Invited foreign journalists began a long journey up North Korea's east coast yesterday to witness the slated destruction of the reclusive regime's nuclear test site, a high profile gesture on the road to a summit with the U.S. that Donald Trump now says might not happen.

In a surprise announcement Pyongyang said earlier this month that it planned to "completely" destroy the Punggye-ri facility in the country's northeast, a move welcomed by Washington and Seoul.

Punggye-ri has been the staging ground for all six of the North's nuclear tests, including its latest and by far most powerful one in September last year, which Pyongyang said was an H-bomb.

The North has portrayed the destruction on the test site as a goodwill gesture ahead of planned June 12 summit between Kim and Trump in Singapore. But doubts have since been cast by both sides on whether that potentially historic meeting will take place.

Last week Pyongyang threatened to pull out if Washington pressed for its unilateral nuclear disarmament. Trump also said the meeting could be delayed as he met with South Korean leader Moon Jae-in in Washington on Tuesday.

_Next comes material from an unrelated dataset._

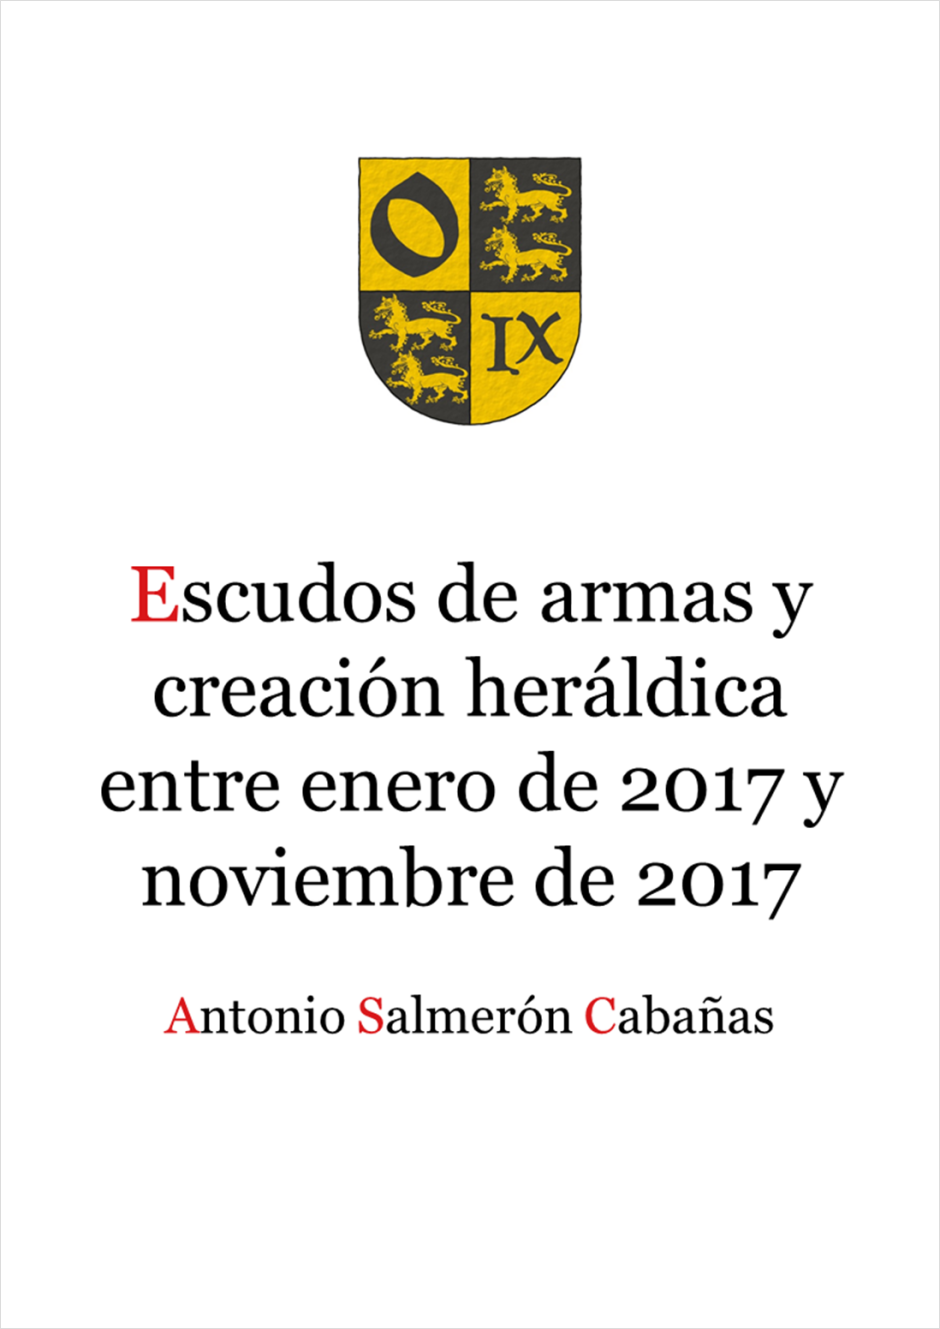 Escudos de armas y creación heráldica entre enero de 2017 y noviembre de 2017

"There are certain conditions we want to happen. I think we'll get those conditions. And if we don't, we won't have the meeting," he told reporters, without elaborating on what those conditions might be.

Politically, Trump has invested heavily in the success of his meeting with Kim, and so privately most U.S. officials, as well as outside observers, believe it will go ahead. But as the date draws near, Trump's divergence from his top aides, the differences between the two sides and these high stakes are coming into sharp relief.

Washington has made it clear it wants to see the "complete, verifiable and irreversible denuclearization" of the North.

Pyongyang has vowed it will never give up its nuclear deterrence until it feels safe from what it terms U.S. aggression. "Everything is on thin ice," Koo Kab-woo, a professor at the University of North Korean Studies in Seoul, told Agence France-Presse (AFP).

"Trump wants a swift denuclearization, something that will be done within his first term in office. In that case, he has to provide North Korea with a corresponding, swift security guarantee."

Observers will be watching the nuclear test site destruction ceremony closely for any clues to the North's mood. Experts are divided over whether the demolition will render the site useless. Skeptics say the site has already outlived its usefulness with six successful nuclear tests in the bag and can be quickly rebuilt if needed. Previous similar gestures by the North were rapidly reversed when the international mood soured. But others say the fact that North Korea agreed to destroy the site without preconditions or asking for something in return from Washington is significant.